Everyday conflict and stress among older african american women: Findings from a focus group study and pilot training program

Patricia Flynn Weitzman, Robert Dunigan, Robert L. Hawkins, Eben A. Weitzman, Sue E. Levkoff

Research output: Contribution to journalArticle


Older African American women are at high risk for morbidity due to anger suppression and stress. Yet sources of everyday stress and conflict in the lives of older African American women have not been documented. Such information is essential for developing health promotion programs. A focus group study was conducted with older African American women on everyday stress and conflict.

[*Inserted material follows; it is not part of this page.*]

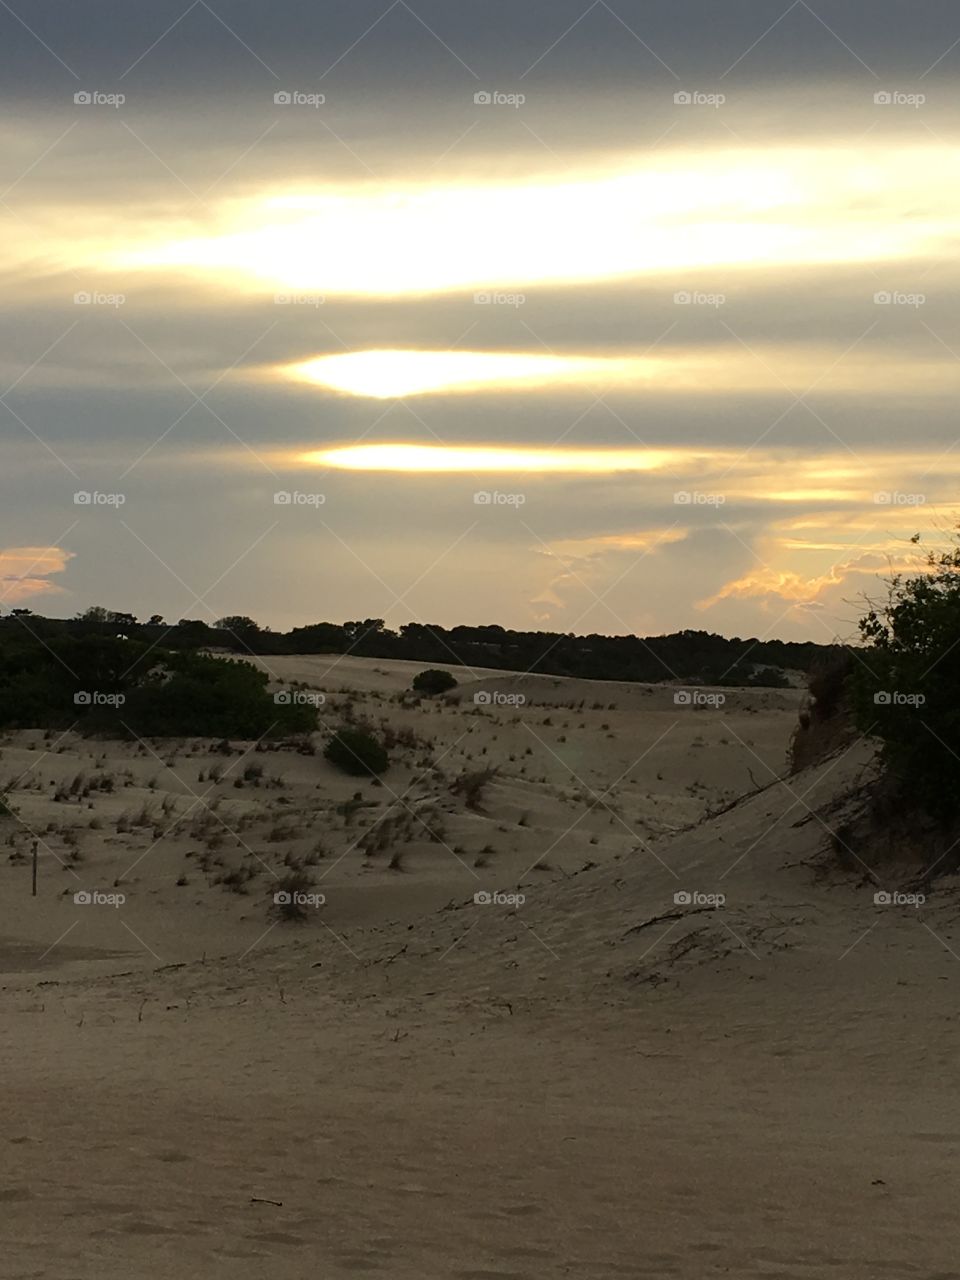 Sunset on sand dunes

Everyday stress stemmed from worries about functional disability and about accessing transportation. Everyday conflicts occurred with adult children, teen-aged grandchildren, and older neighbors or peers. Conflicts with adult children centered on how the adult child was raising his/her children. Conflicts with grandchildren centered on social respect. Conflicts with neighbors/peers centered on perceived rudeness or past transgressions. Participant strategies for dealing with stress and conflict tended to be avoidant. A training program in constructive conflict strategies for older African American women is presented that draws on information gained in the focus groups.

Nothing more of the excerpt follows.